How to make an AI assistant (copilot): the eight engineering steps, start to ship

To make an AI assistant that is genuinely useful in a product, you build a copilot: a context-grounded, human-supervised AI that can retrieve from your data and act through your API, with the user reviewing every step. This guide covers the eight engineering steps to build one, from scoping a single use case through RAG, tool calling, guardrails, evals, and telemetry, plus the architecture underneath and the hard parts that decide whether it ships safe.

By Kanika Mathur, Head of Service Delivery

Reviewed by Resourcifi engineeringPublished Mar 18, 2026Updated Mar 18, 202612 min read

Key takeaways

The short version

A copilot sits between a chatbot and an agent. A chatbot runs a scripted, single-domain conversation; a copilot is grounded in the user's working context and can act through the app's API, with the human in control of each turn; an agent is goal-driven and, when designed for it, autonomous.
Building one is eight steps: scope one in-context job, choose the model, add RAG, wire tool calling, design the UX surface, add guardrails, build evals, ship with telemetry. Each is a decision more than a line of code.
The orchestrator is the engine: build the prompt, call the model, and if it returns a tool-use signal, execute the tool, feed the result back, and repeat until a final answer. Microsoft, OpenAI, and Anthropic document the same loop.
Grounding is the trust mechanism. Answer only from retrieved context, attach the source, and measure it: Microsoft calls this groundedness, the RAGAS framework calls it faithfulness. Build the eval set before you ship and gate the release on it.
A copilot is the safe first build because the human reviews each turn. Gate high-impact write actions behind confirmation, keep tool schemas strict, and graduate to an autonomous agent only once evals and guardrails hold.

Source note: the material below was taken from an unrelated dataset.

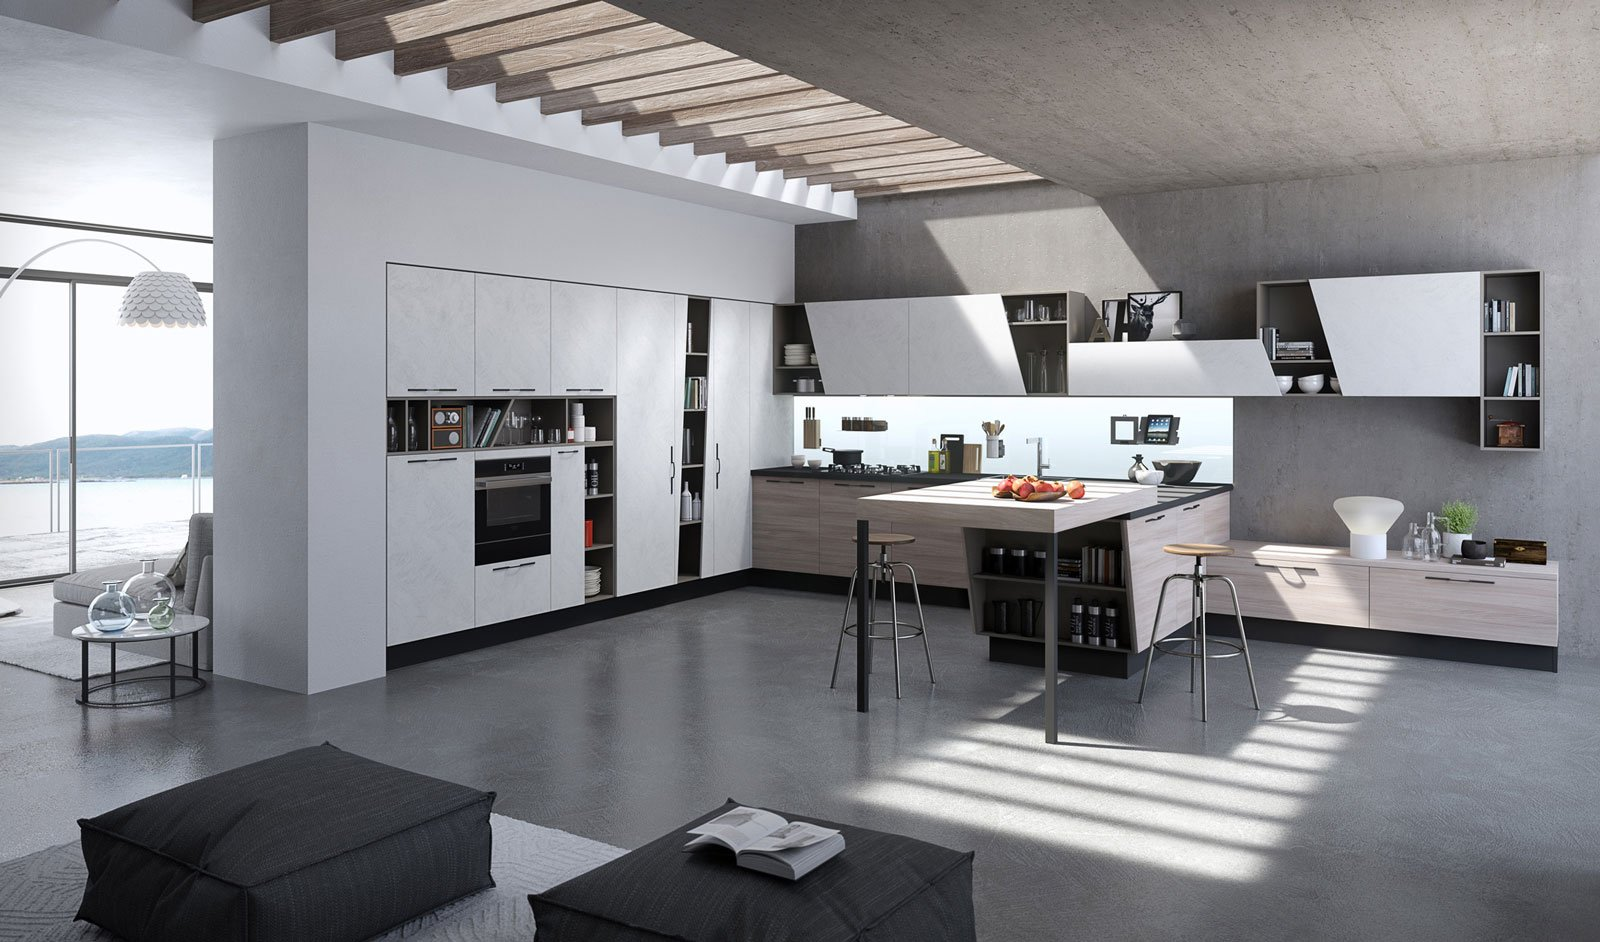 MagnetoLab in cucina, lo schienale in vetro magnetico | Elite ...

What an AI copilot is, versus a chatbot and an agent

An AI copilot is an AI-powered assistant embedded in the flow of work that uses the user's own context and your product data to retrieve, draft, summarize, and take steps through the app's API, with the human in control of every turn. It sits between two things it is often confused with: a chatbot, which runs a mostly scripted conversation over a single domain, and an agent, which is goal-driven and can run multi-step and act on its own. The defining trait of a copilot is that it is grounded in your data and human-supervised, which sets it apart from a fixed script on one side and full autonomy on the other.

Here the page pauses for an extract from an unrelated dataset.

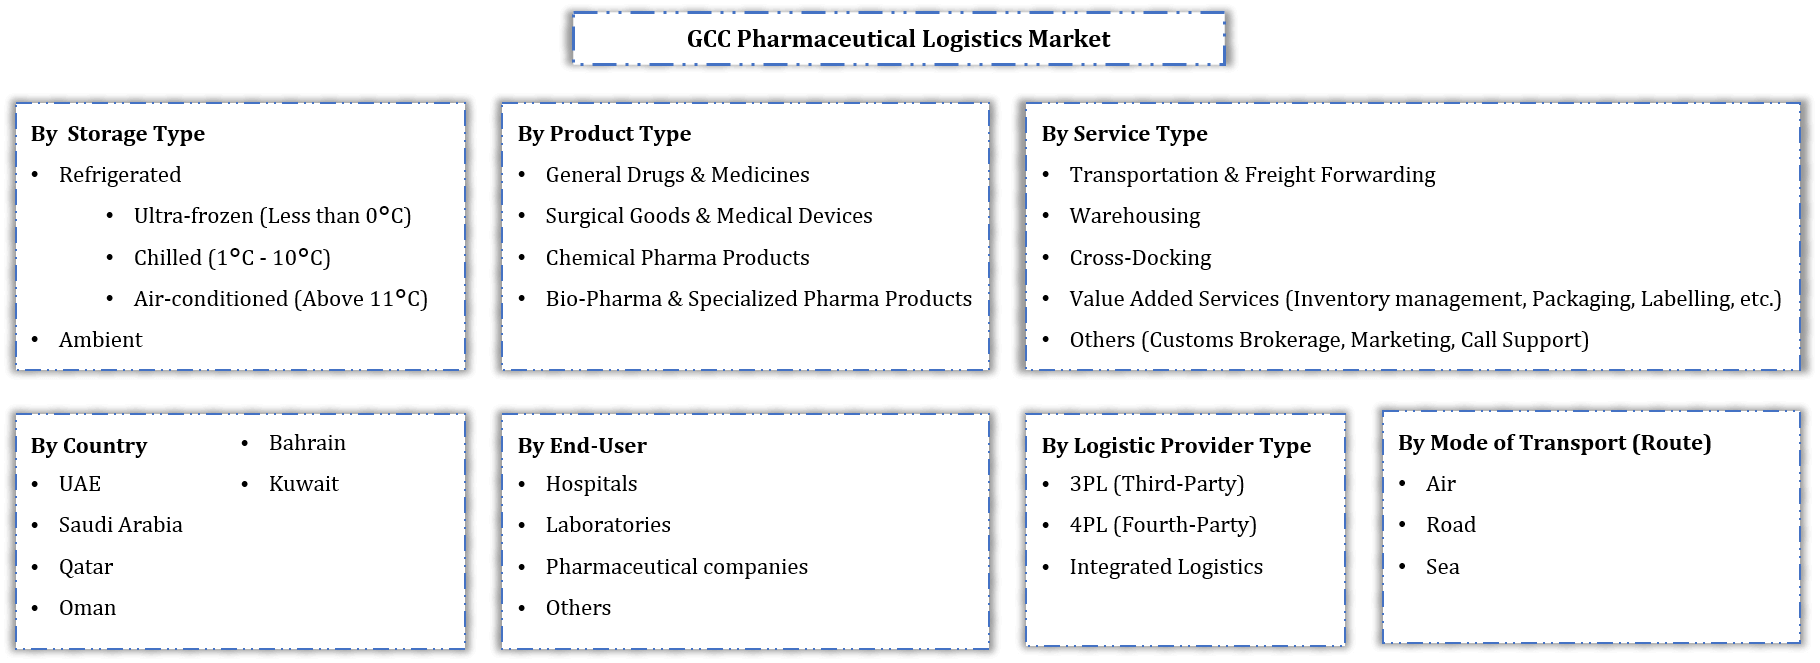 GCC Pharmaceutical Logistics Market Segmentation

The cleanest way to hold the three apart is by who, or what, is driving. A chatbot captures a message, identifies intent with NLP, and replies through the same channel; Nielsen Norman Group notes that chatbots struggle when users deviate from expected linear flows and need an escape route to a human.⁵ Microsoft frames a copilot as enhancing workflows using enterprise data, which is the grounding that separates it from a script.¹ An agent, in Microsoft's words, can range from simple prompt-and-response to fully autonomous, and OpenAI defines agents as systems that independently accomplish tasks on your behalf.¹²

The axis that matters is autonomy. Microsoft's declarative agents are user-initiated, while its custom-engine path can trigger actions automatically without direct user input.¹ A copilot deliberately stays on the human-supervised end of that axis, which is exactly why it is the safe first build for most products. For the autonomous end of the spectrum, follow the AI agents guide; for the in-product, multi-tenant version of this build, see the AI copilot for SaaS guide.

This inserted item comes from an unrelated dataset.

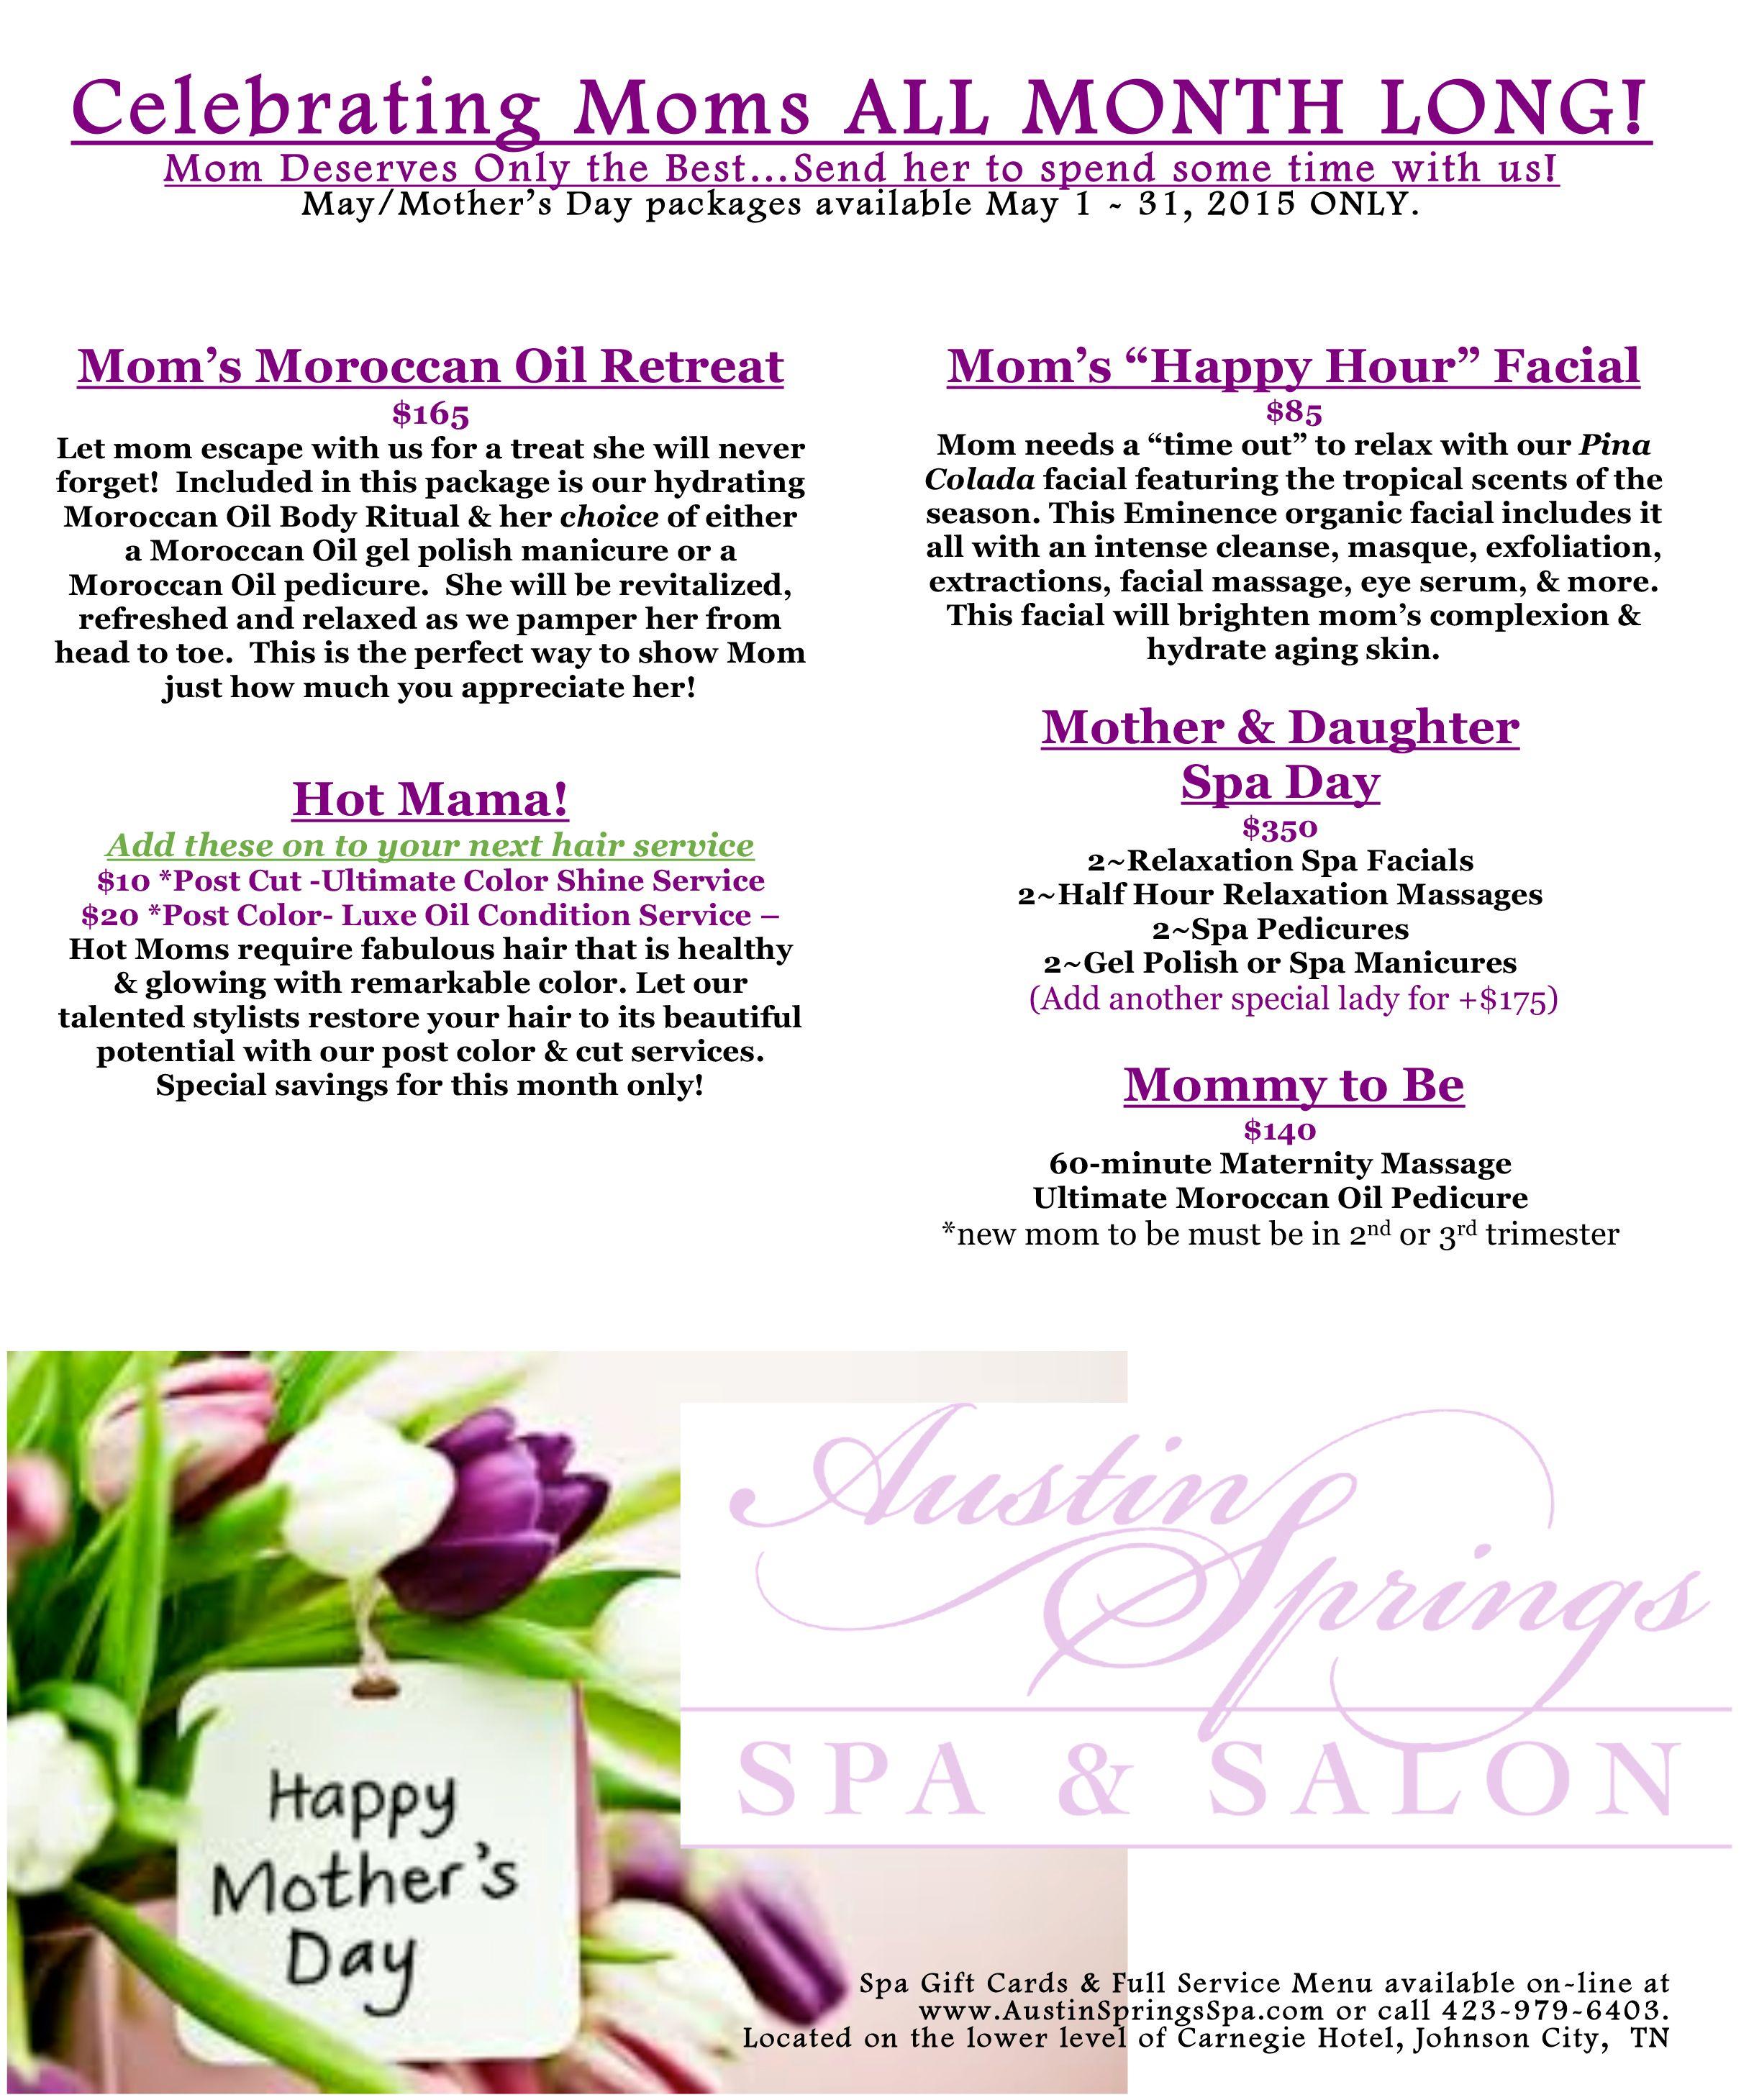 Austin Springs Spa Spa Specials Salon Promotions Spring Spa

How to make an AI assistant: the eight engineering steps

Building an AI assistant (copilot) is eight engineering decisions: scope one narrow, in-context job; choose the model; add RAG over your docs and user data; wire tool and function calling onto your product API; design the UX surface; add guardrails; build an eval set; and ship with telemetry. The order matters because each step constrains the next, and the early scoping decision is the one that most often decides whether the assistant is useful.

Read the table as the spine of the whole build. The first four steps make the copilot capable; the last four make it trustworthy and observable enough to release.

The eight steps to build an AI copilot

Each step is a decision, with the primary source that backs it. Steps 1 to 4 build capability; steps 5 to 8 make it shippable. This is the structured visual for the page, since none of the sources gives a clean build-time or cost figure to chart honestly.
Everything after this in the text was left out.